▶ EXERCISE INSTRUCTIONS
Starting at the line holding "little boy putting out fire" and finishing at the line holding "Sunrise on Karon", transcribe the material exactly, keeping both ends but no pictures.

[Opening GIVEN INFORMATION section]

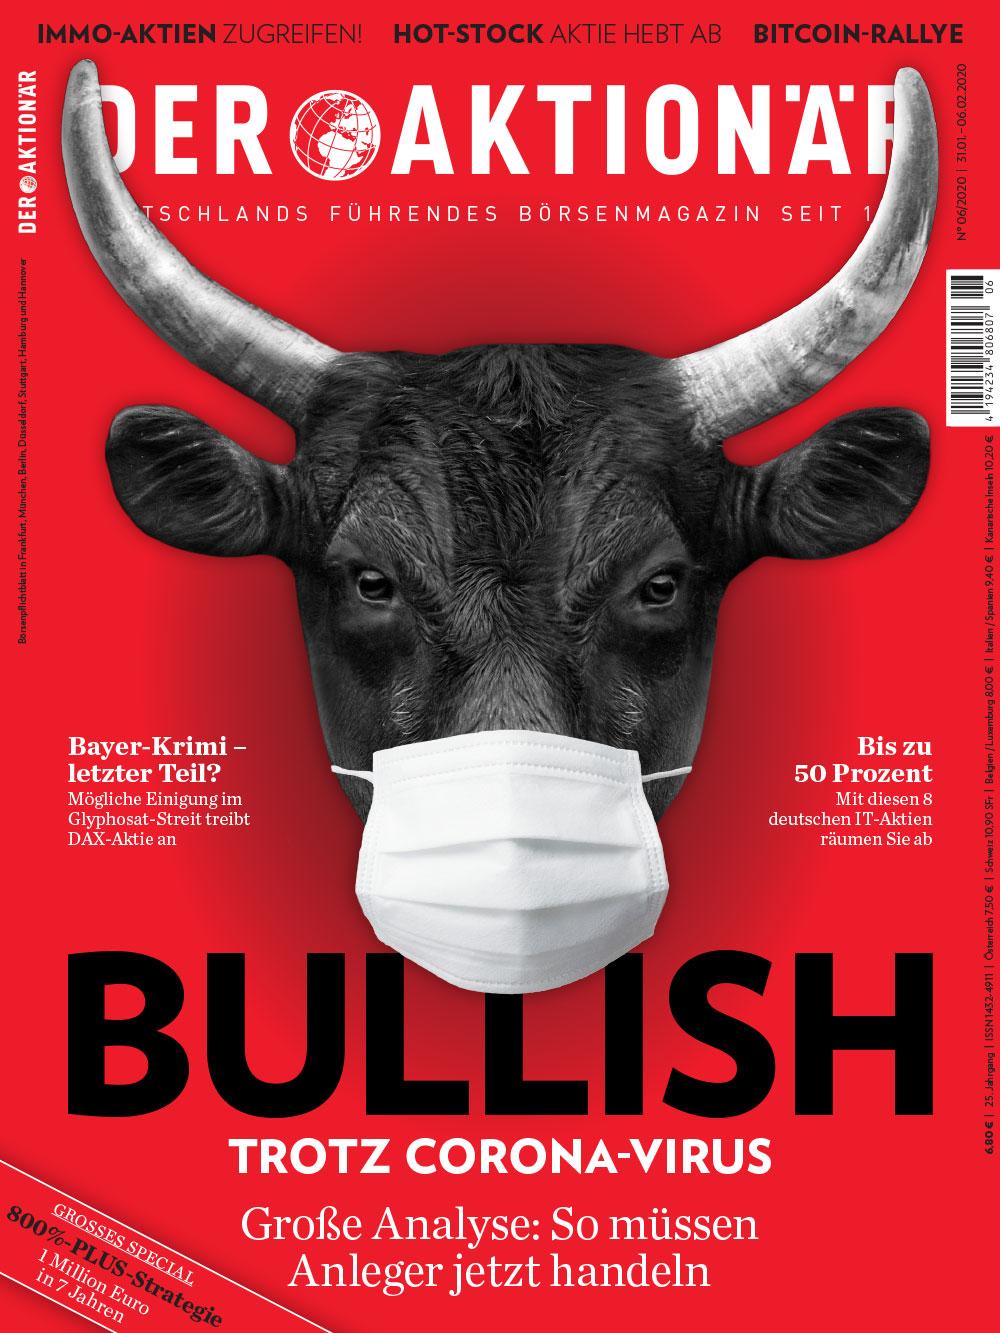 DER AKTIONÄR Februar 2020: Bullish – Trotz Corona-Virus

[Closing GIVEN INFORMATION section]
[Opening GIVEN INFORMATION section]

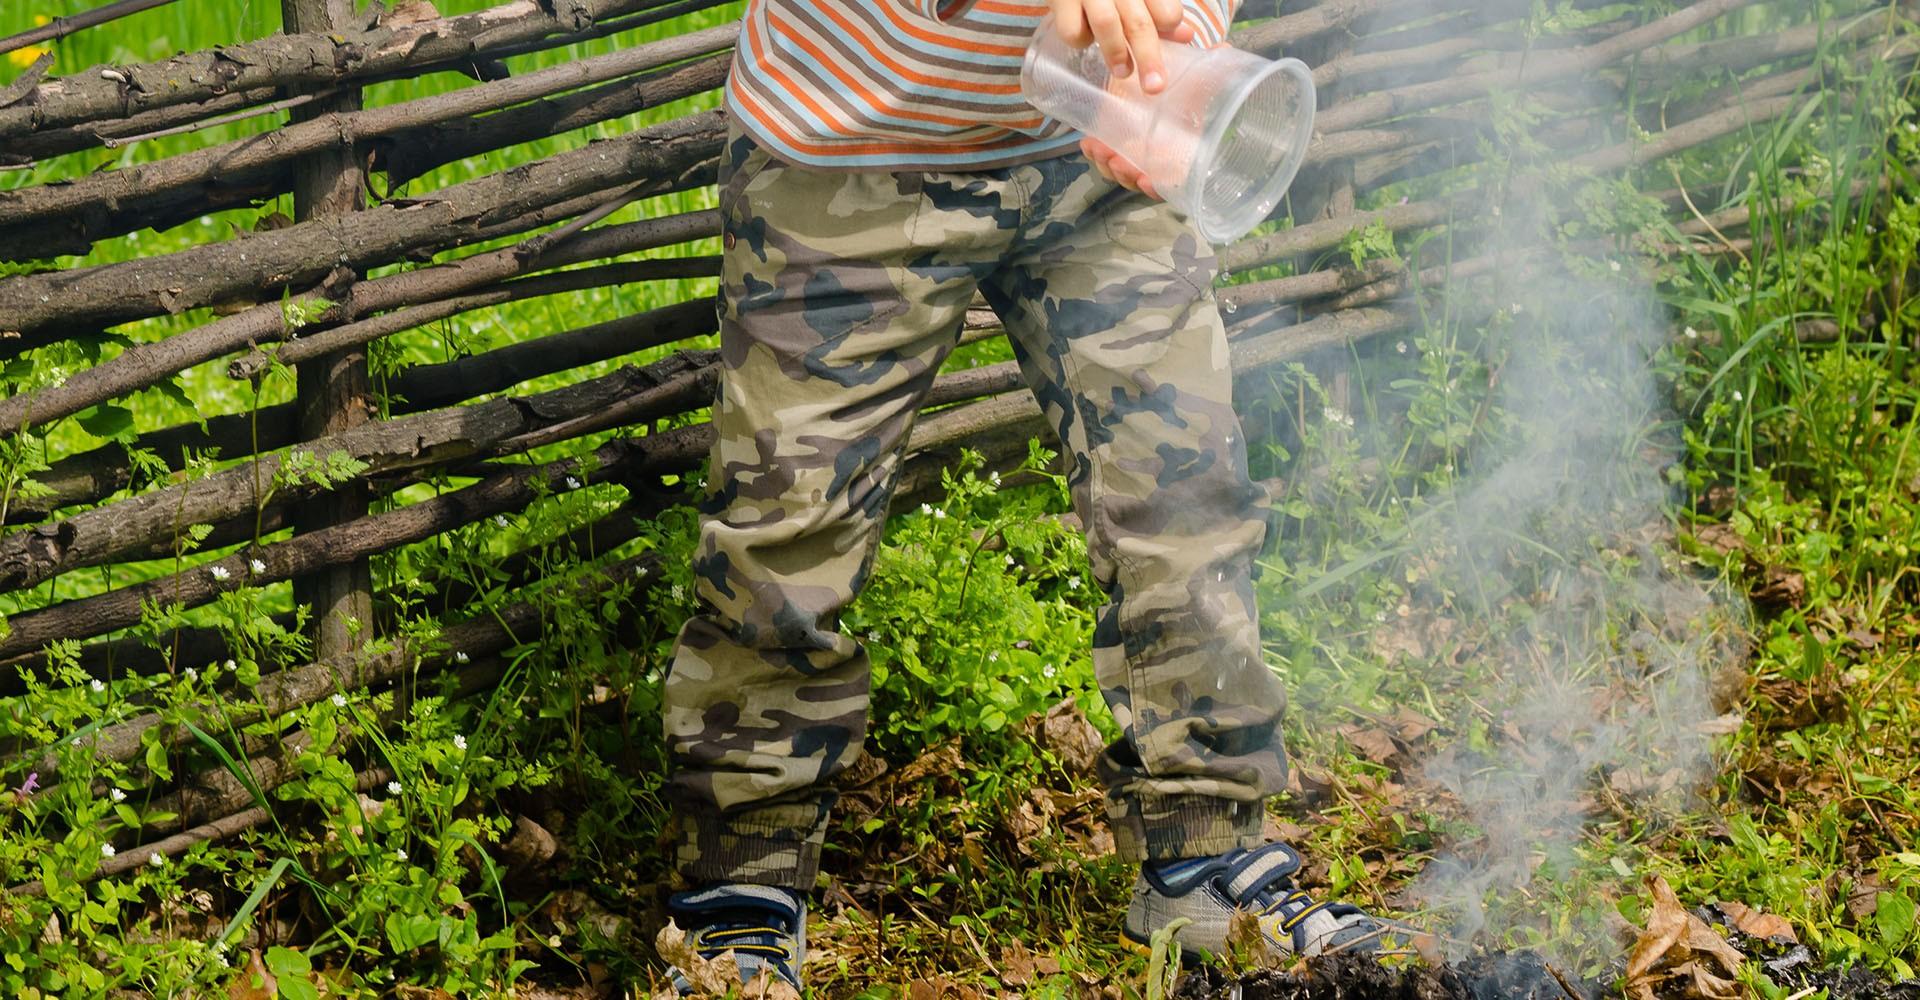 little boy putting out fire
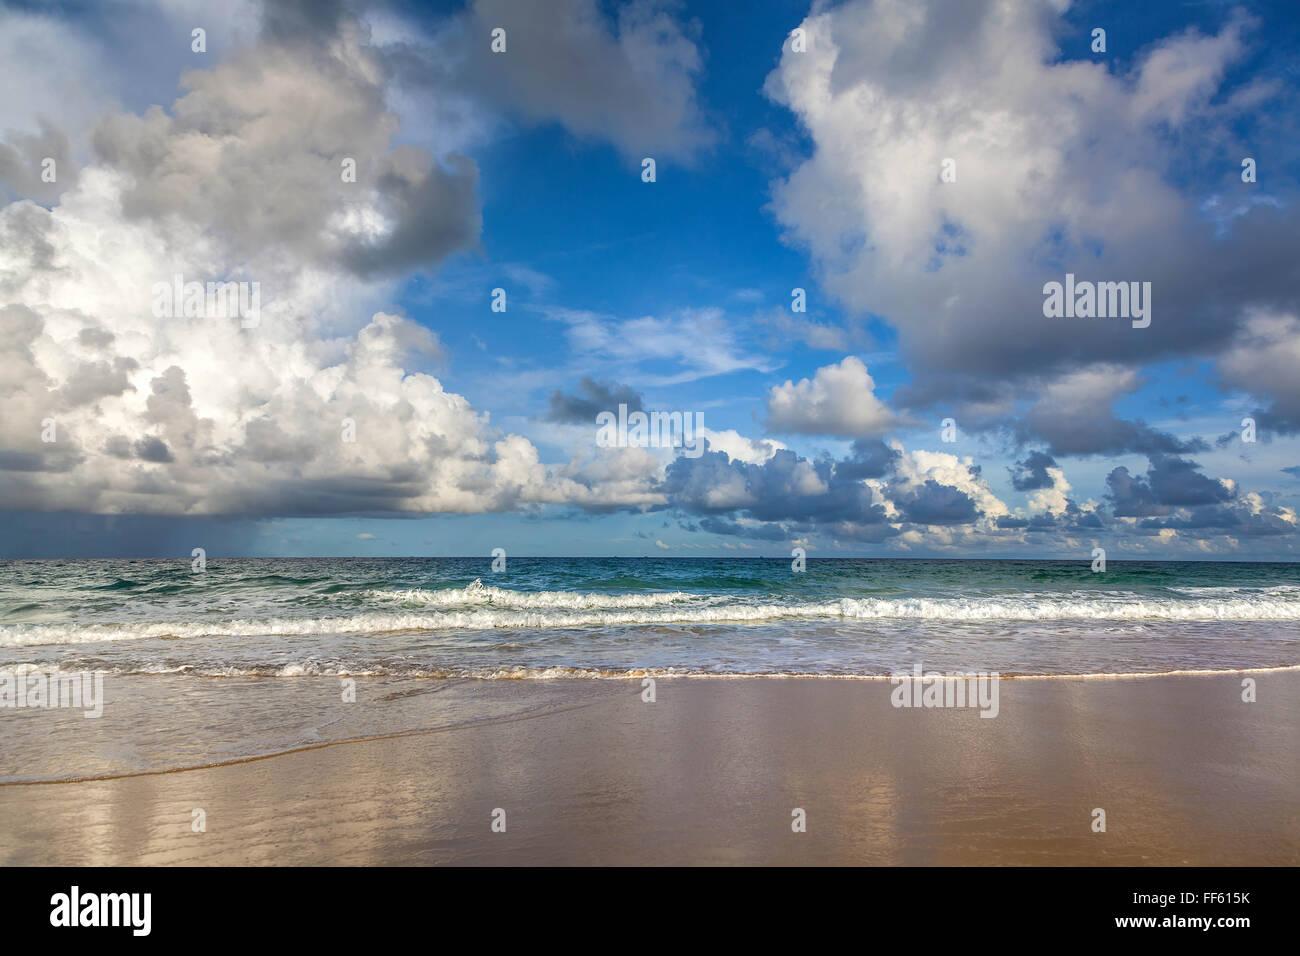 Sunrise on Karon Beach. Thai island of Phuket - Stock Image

[Closing GIVEN INFORMATION section]
[Opening GIVEN INFORMATION section]

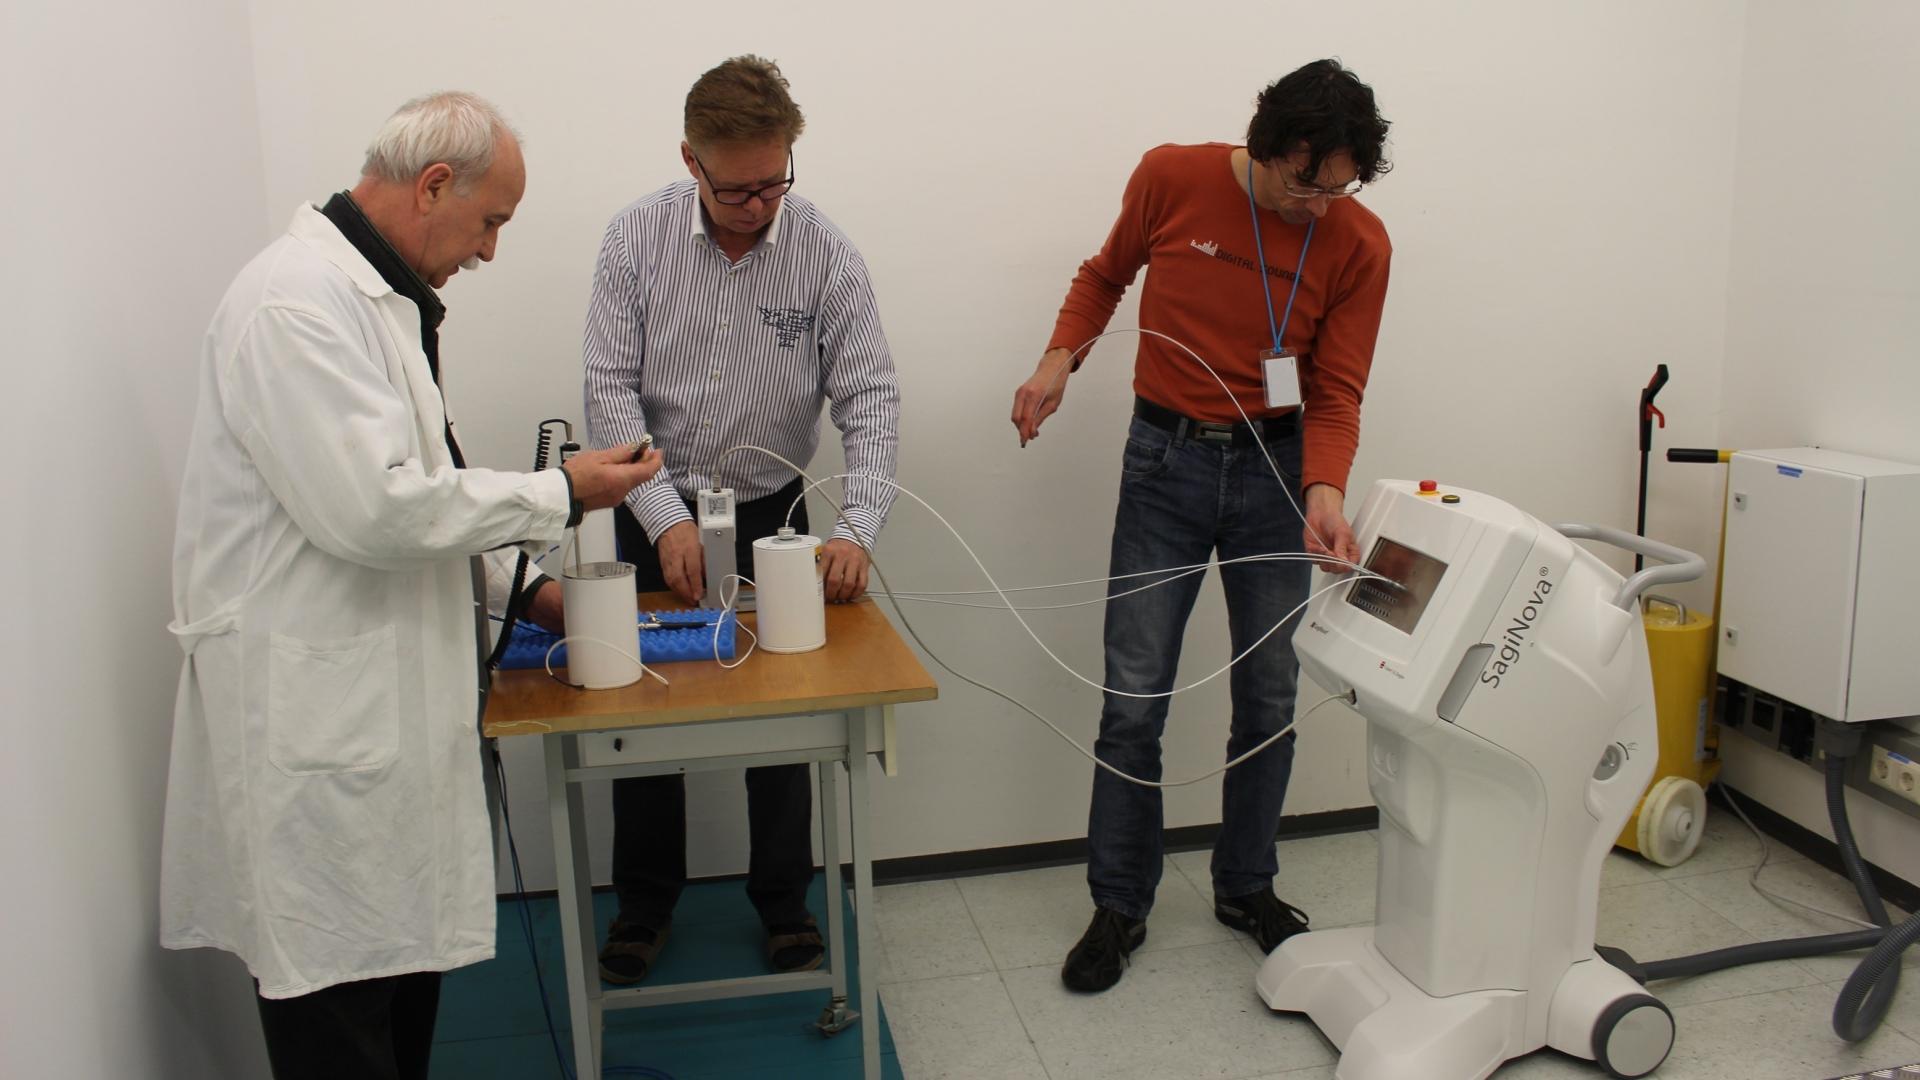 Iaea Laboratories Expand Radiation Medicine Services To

[Closing GIVEN INFORMATION section]

▶ TASK RESULT
 little boy putting out fire
 Sunrise on Karon Beach. Thai island of Phuket - Stock Image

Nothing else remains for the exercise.